Utilisons les mêmes armes, dit-il, que nos adversaires.

En fait, Yoshua Bengio a carrément un projet dont l’objectif est d’utiliser l’intelligence artificielle pour le bien social. C’est une organisation née en 2016, formée par des spécialistes en intelligence artificielle de partout dans le monde, qui s’appelle AI Commons.
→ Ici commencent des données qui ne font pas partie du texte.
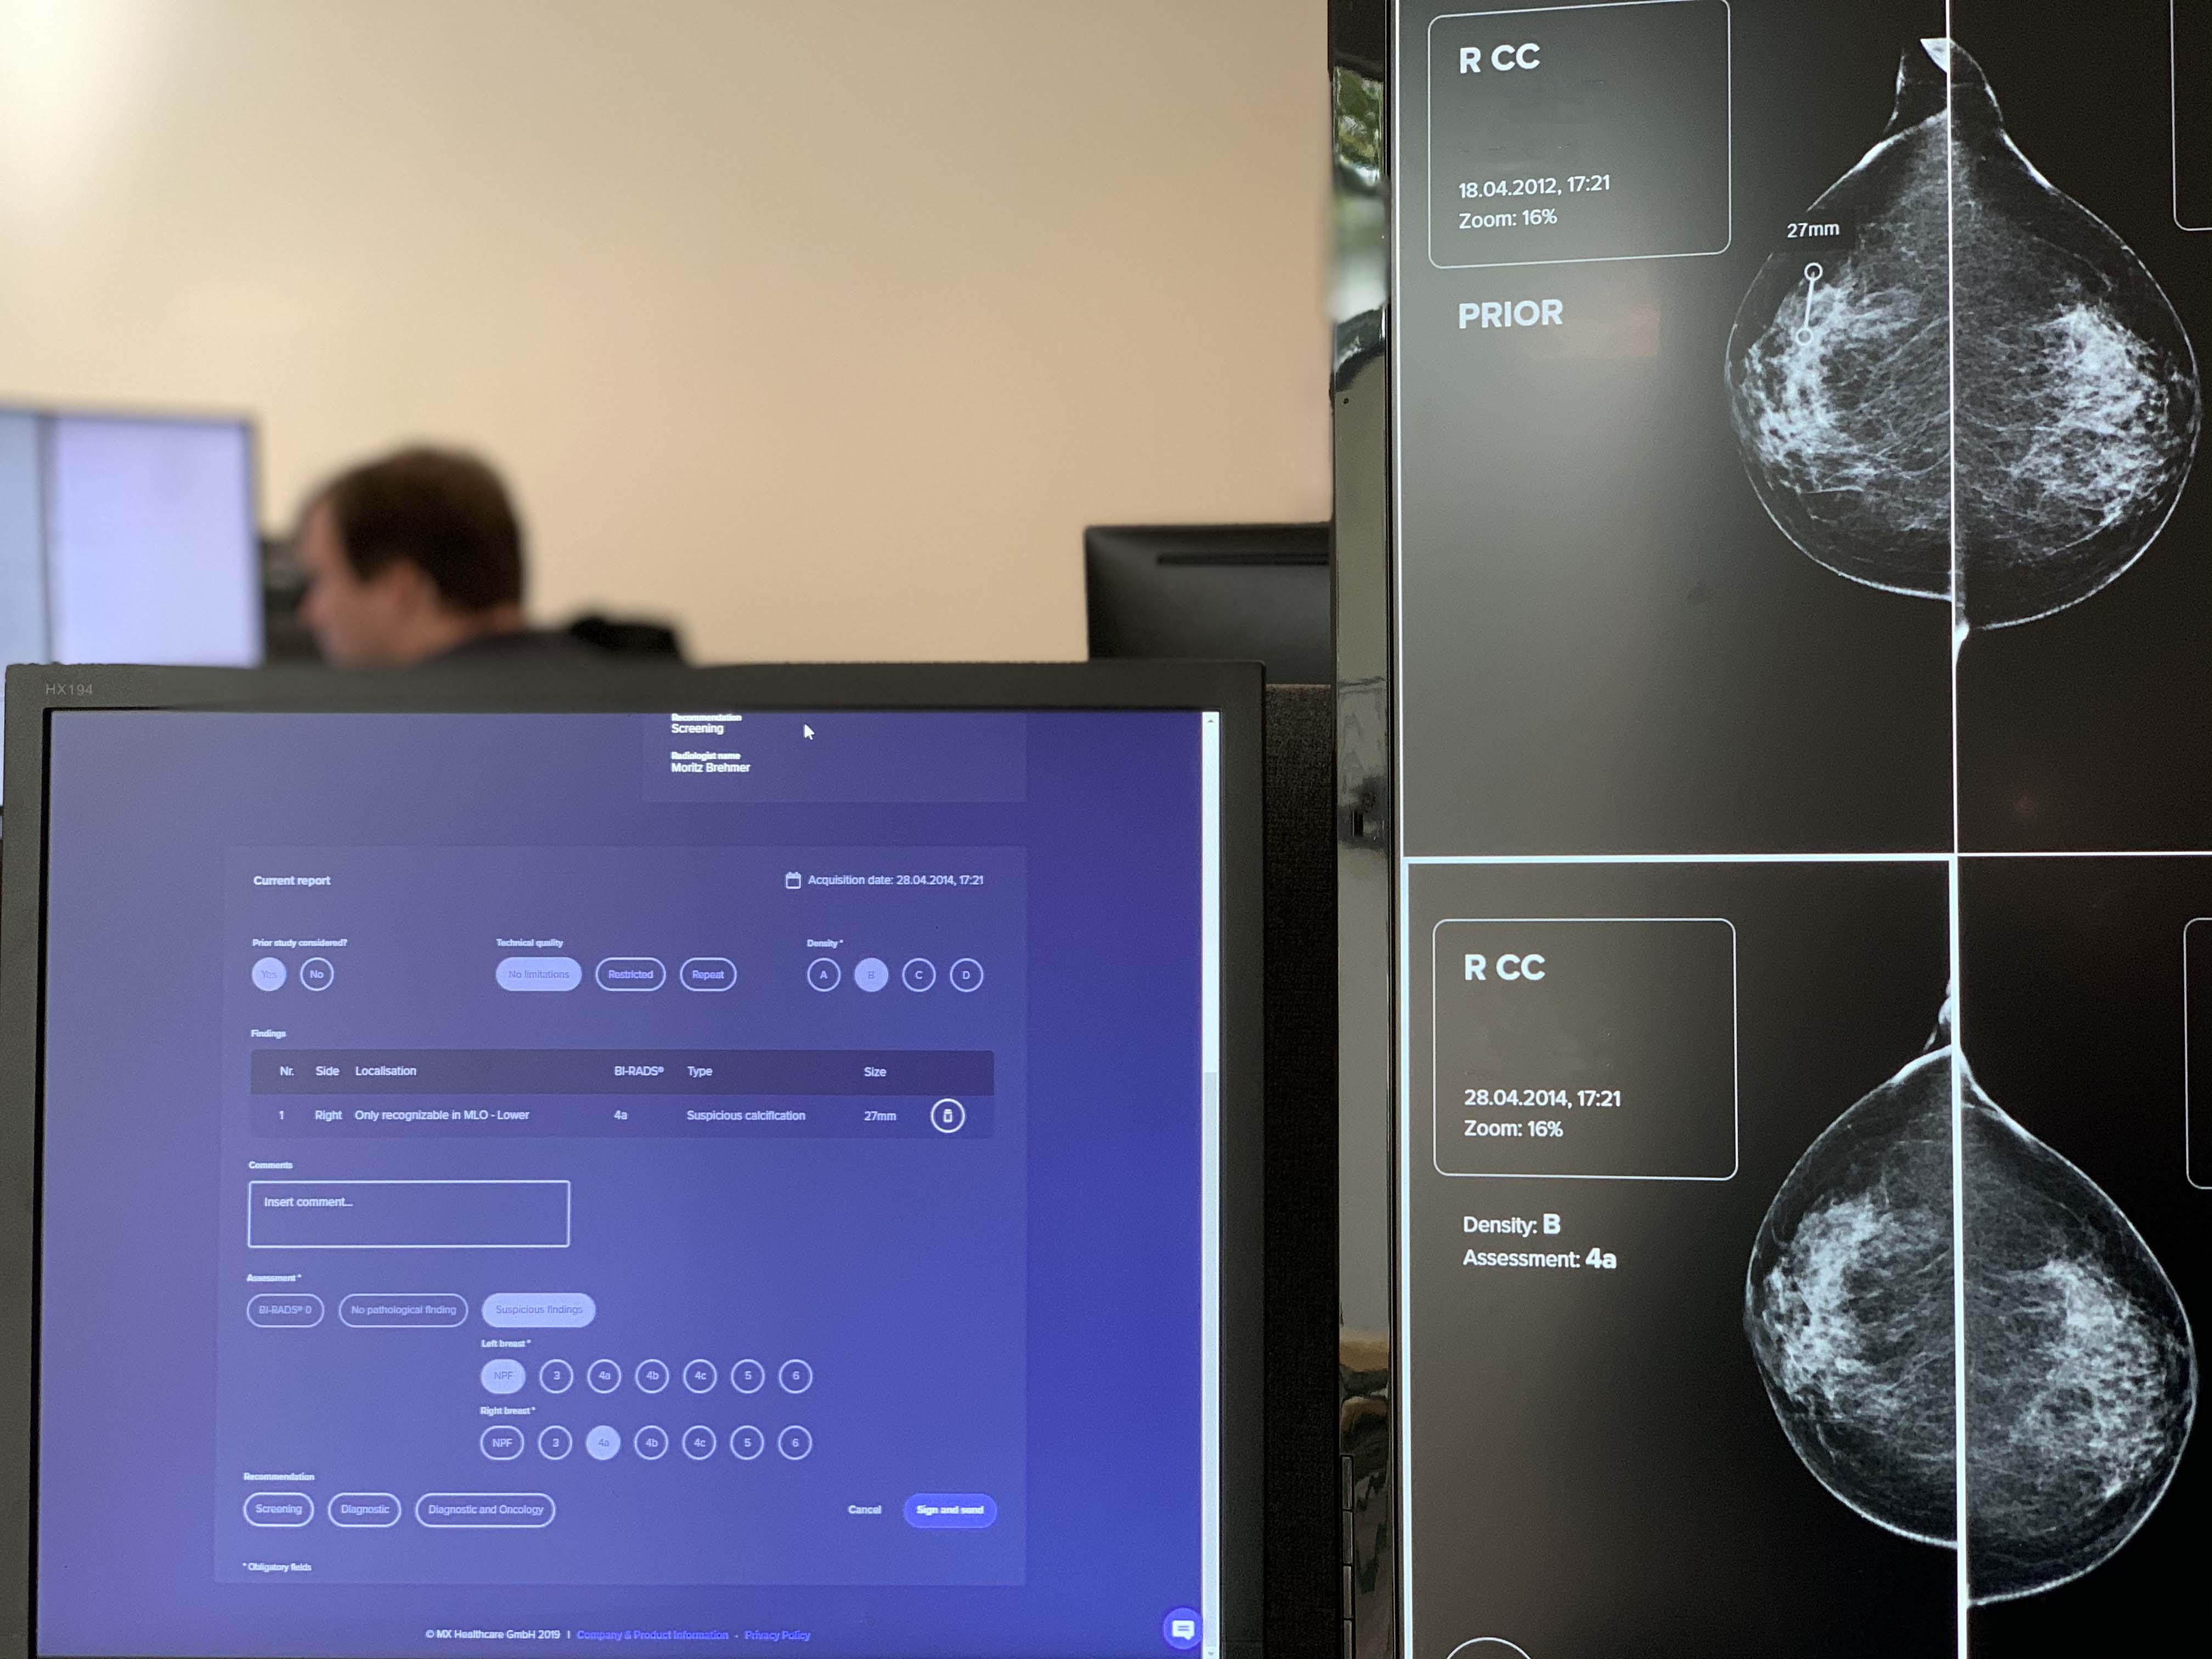 KI-Software zur  Brustkrebsvorsorge

Son but : rendre disponibles des experts, des solutions en IA, à des gens qui ont besoin d’aide un peu partout, que ce soit dans le domaine de la santé, de l’éducation, de l’environnement…

Imaginez si, au lieu de travailler sur la reconnaissance faciale, les étudiants faisaient de la recherche sur les inondations ?

Yoshua Bengio

Le professeur encourage d’ailleurs les jeunes à se lancer dans le domaine de l’intelligence artificielle et souligne à quel point il y a des besoins… Il encourage aussi les entreprises à faire le plongeon, notamment si elles ne veulent pas être dépassées par leurs concurrentes chinoises ou américaines.

« On a développé une expertise importante ici, en plus », note le chercheur, qui espère que les gouvernements vont aussi bouger, notamment en se lançant dans les défis de « re-skilling », donc de formation continue pour adultes, rendue nécessaire par les changements technologiques.

« Et puis, il va falloir accepter de prendre des risques », ajoute le chercheur.

Ce changement de culture est important.

Si la Silicon Valley est devenue ce qu’elle est, c’est parce que là-bas, on accepte et comprend que « se planter », ce n’est pas la fin du monde, et que tout repose sur la capacité de se relever et de continuer.